- 1360 Okunma
- 4 Yorum
- 3 Beğeni
SEMRA ÖZAL : ‘’ KANUNİ DÜNYANIN EN BÜYÜK AŞK YAPICISIYDI’’
Aslında bu yazıyı ‘’CUMHURBAŞKANLARIMIZIN EŞLERİ VE KISA HAYAT HİKAYELERİ- Başlığı altında yazdığım yazı dizisi içinde yayınlayacaktım ama her nedense o yazı pek de ilgi çekmedi. Hatta ‘’ Beni hiç ilgilendirmiyor’’ Diyen de oldu. O bakımdan Kanuni Sultan Süleyman’ın günümüzde bazıları nezdinde niçin bir ‘’Dam budalası ‘’ olarak anıldığında Semra Özal’ın ne kadar rolü olduğunu ayrı bir yazı olarak ele almayı daha uygun buldum.
O halde Turgut Özal ile başlayalım.
Altmış iki yıllık ömrüm boyunca yakından gördüğüm hatta elini sıktığım tek Devlet adamımız Turgut Özal olmuştur.
1979 yılında Antalya’nın Manavgat İlçesinde öğretmenlik yaptığım dönemlerde bir Cuma Namazı sonrasında tanıştık Turgut Özal ile. O dönemlerde Devlet Planlama Teşkilatındaydı ve sık sık Side’ye gelir, Cuma namazlarını ise Manavgat’ta kılardı.
Benim gibi 1.65 boyunda bir insanın bile neredeyse yarısı boyunda olan kısa boylu, tombul, tonton, oldukça sevimli bir isnadı ama daha o yıllarda bile istikbali oldukça parlak görülüyordu.

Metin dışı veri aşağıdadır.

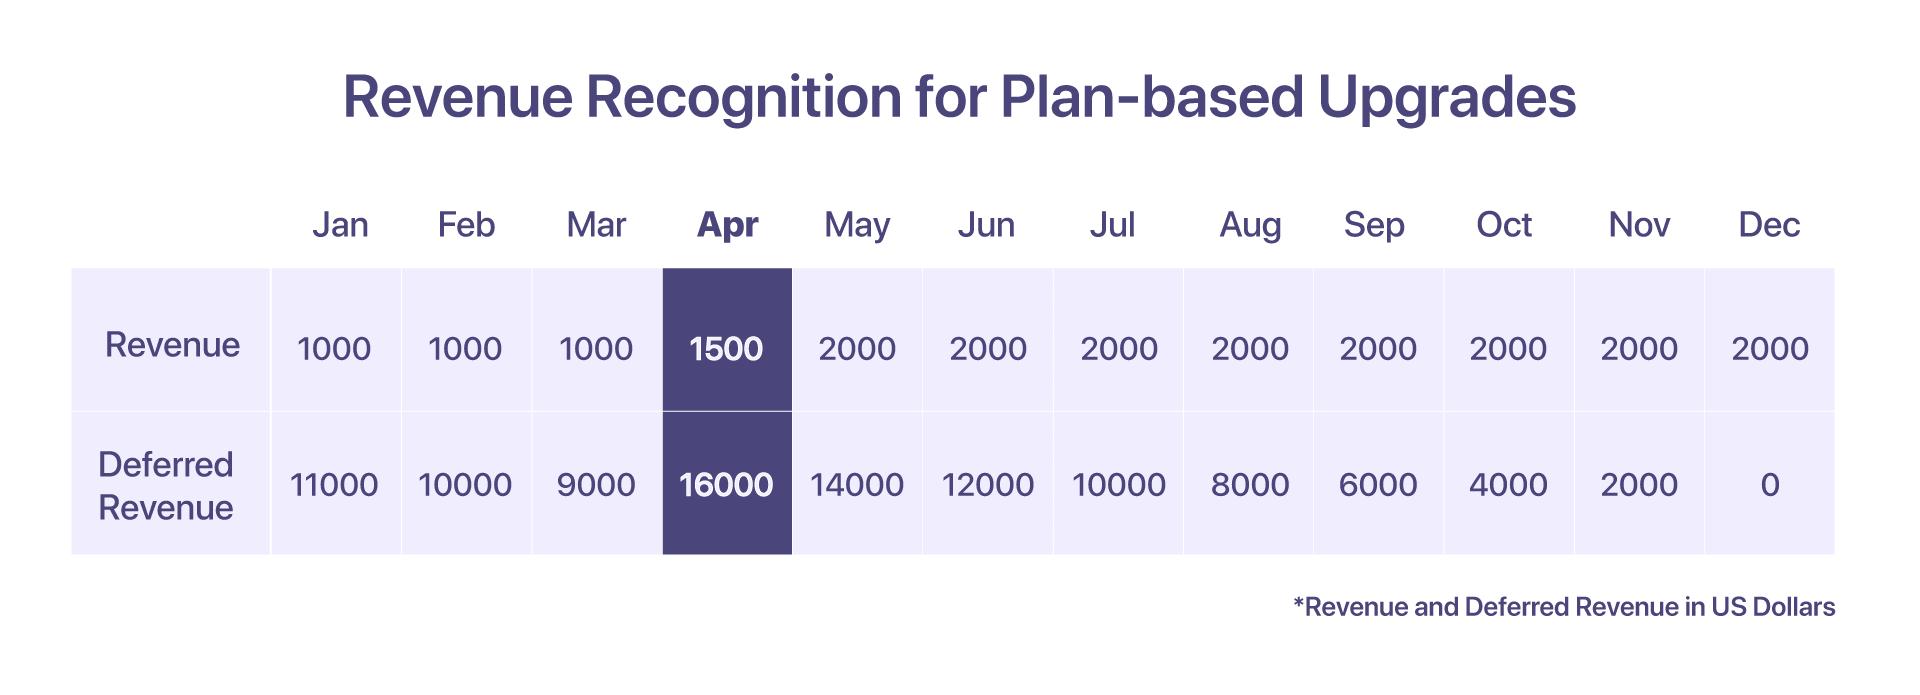 revenue recognition for plan-based upgrades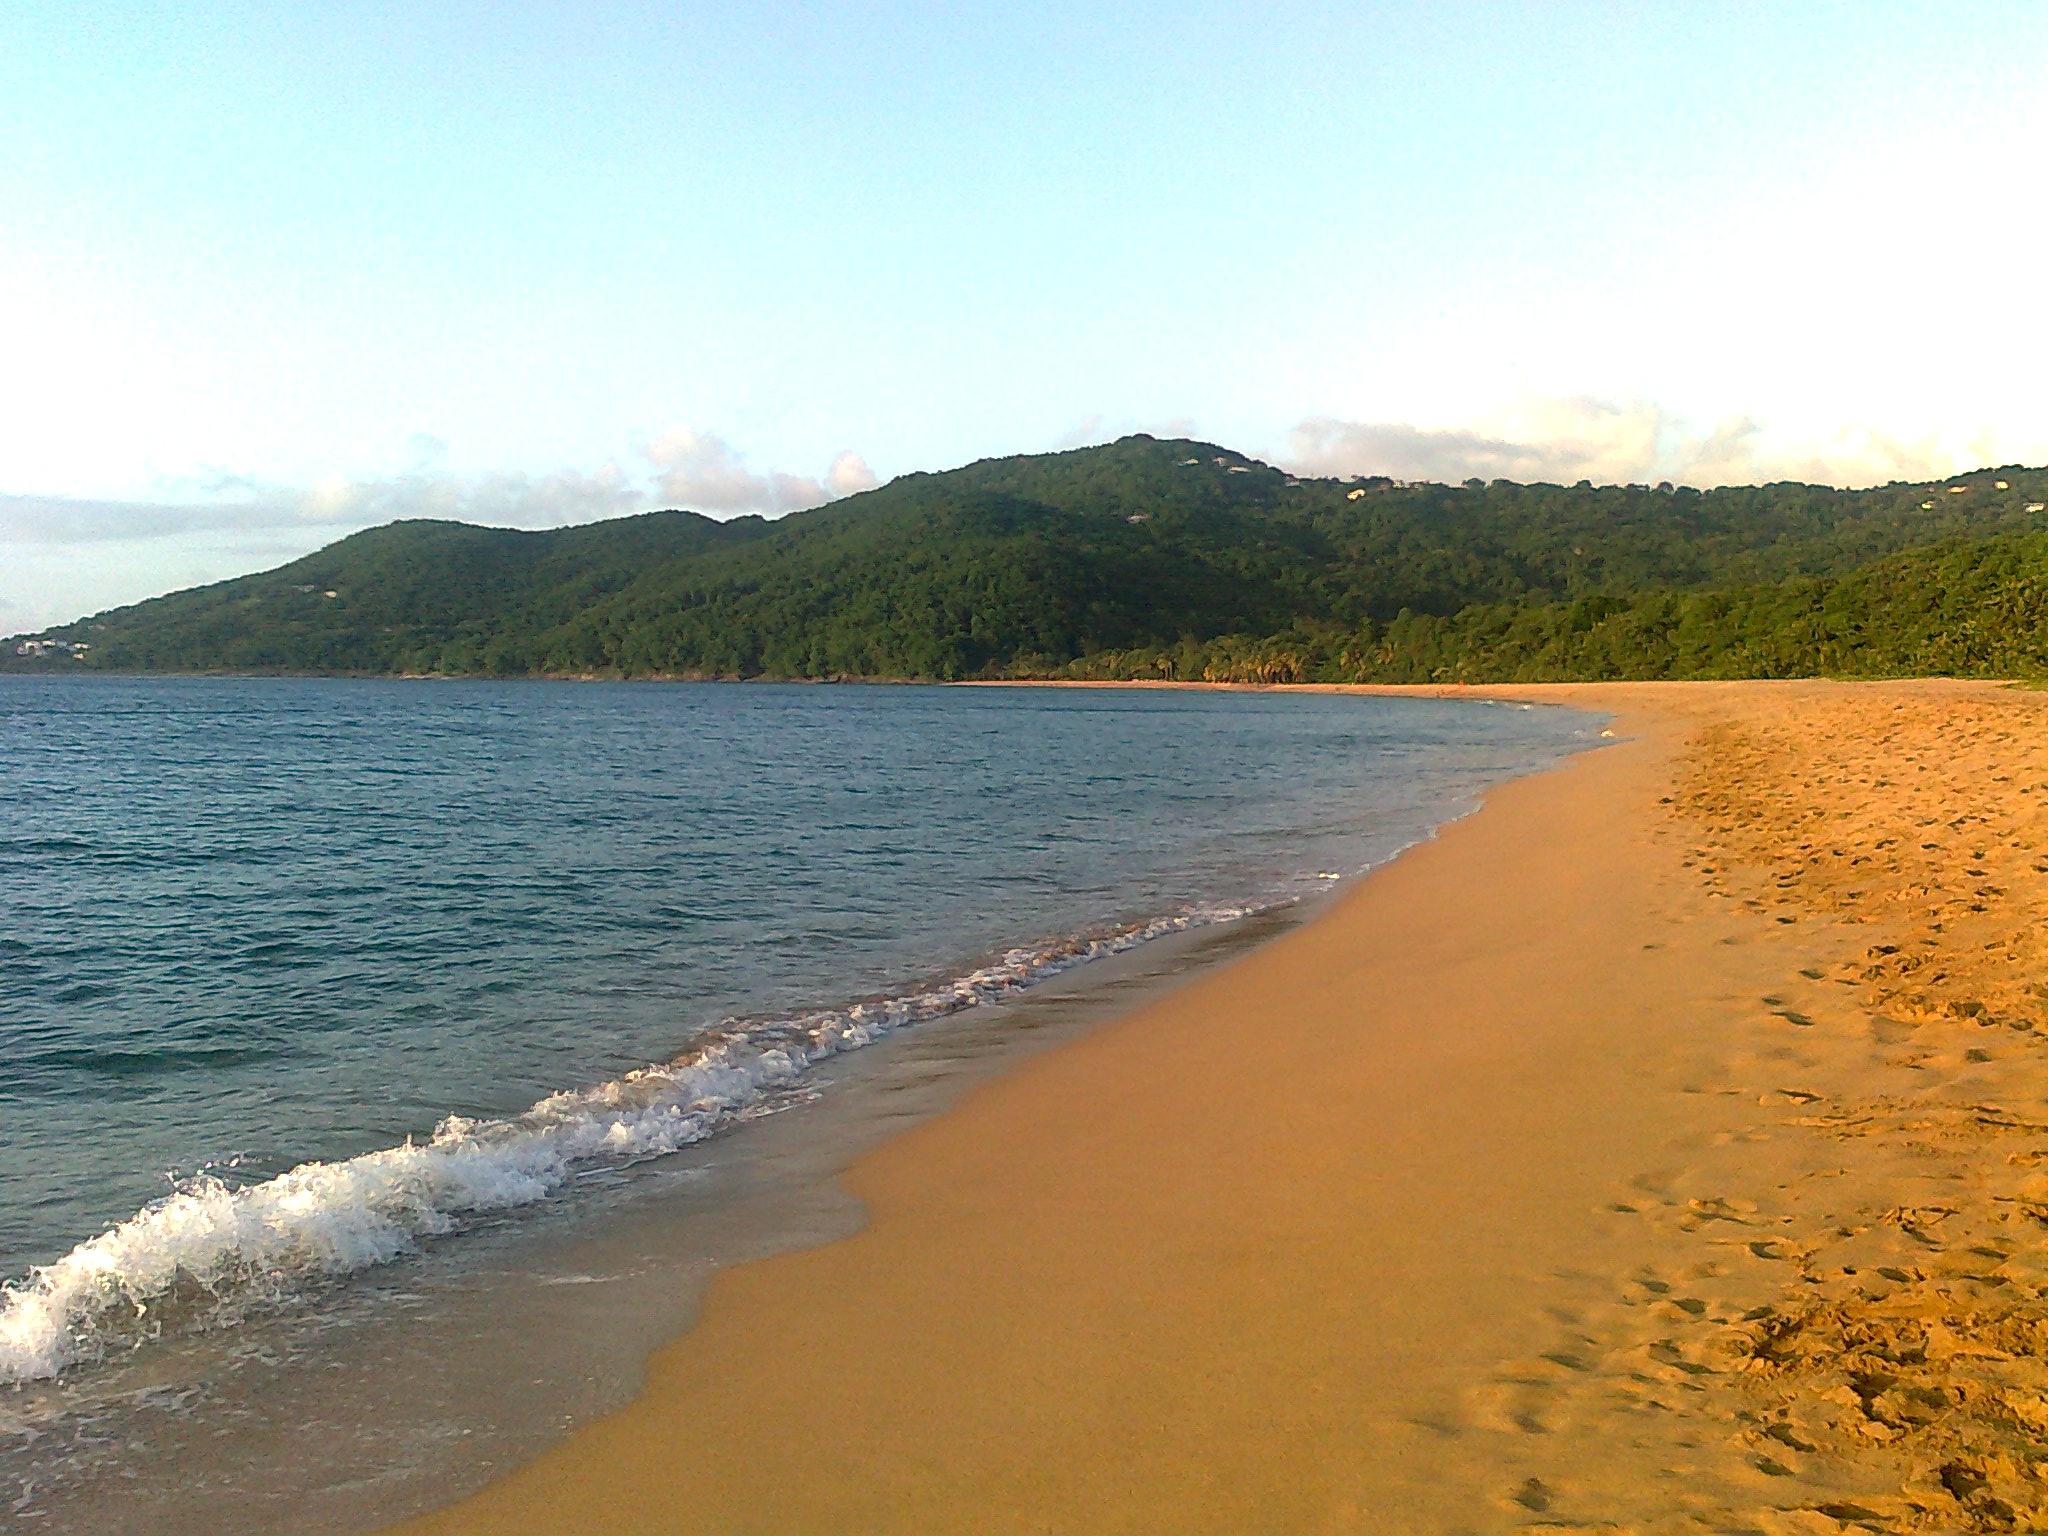 Deshaies plage de Grande Anse

Manavgatta ‘’Koca Reis’’ diye bilinen ve sevilen eski milletvekili, bizim dönemimizde ise MHP nin Manavgat’taki en önemi Kurtlarından biri olan Doktor Hasan Fehmi Boztepe namazdan hemen sonra bu tonton ve sevimli vatandaşla hararetli bir muhabbete başlayıp ona oldukça fazla iltifat edince ben de yanlarına yaklaştım pek çok vatandaş gibi. Turgut Özal ve Hasan Fehmi Boztepe ile tokalaşarak ( Dini tabir ile musafaha ederek ) hayırlı Cumalar dileklerinde bulundum. Her ikisi de sıcak bir şekilde ‘’Sana da hayırlı Cumalar kardeşim ‘’ dediler.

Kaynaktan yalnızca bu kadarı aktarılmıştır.